Putin has answered that question many times. He has reiterated, “America loves subservient leaders who obey their orders; the US prefers diktat rather than dialogue; America does not need allies, it needs vassals.” Therein lies the problem.
As I know well, Putin abhors orders, especially if the West’s demands are contrary to the best interests of Russia. When Western leaders realised that Putin could not be manipulated, they began to demonise him. Thus began the “Putin-mania” and “Russophobia”.
I have known young and old Russians quite well for over 60 years. They are proud of their centuries-old history and heritage, having patriotically defeated Napoleon and Hitler, and proud of their status as a world power. They are content with the current free-market economy and the perks that come with it.
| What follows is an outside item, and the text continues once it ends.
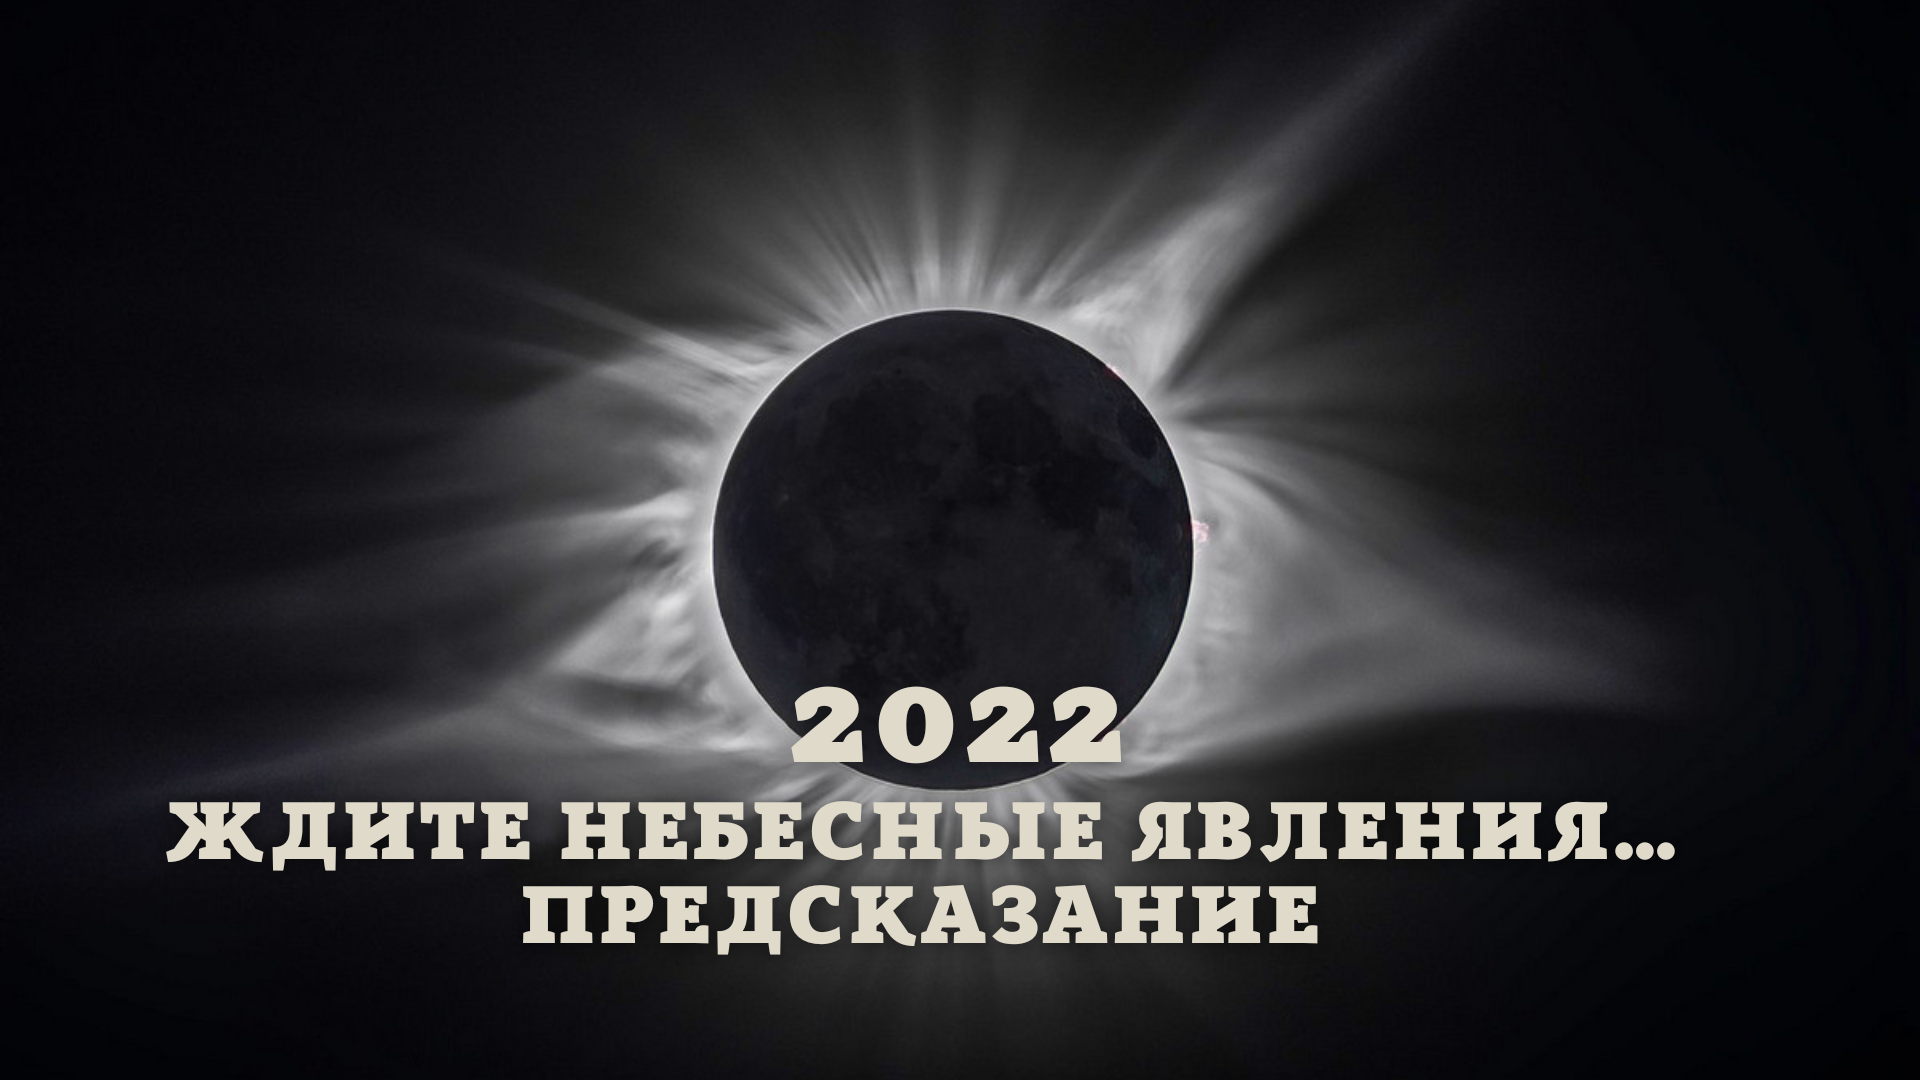 Предсказания на март 2024 для россии

Russians are well-educated, disciplined, and knowledgeable about local and foreign affairs.
They love their country, and they prefer a steadfast leader. Therefore, they will vote for a candidate who will not only develop the country but also zealously protect Russia from foreign intervention.
Coincidentally or not, during his address to the nation last week, Putin said he would “continue to defend Russia’s freedom, preserve its history and traditions, further develop its democratic institutions, and protect its sovereignty, not allowing anyone to interfere in its internal affairs”.
(Somar Wijayadasa, a Moscow-educated international lawyer, was a Faculty Member of the University of Sri Lanka, worked in UN organisations (IAEA & FAO), was a Delegate of UNESCO to the UN General Assembly, and was a Representative of UNAIDS at the United Nations in New York).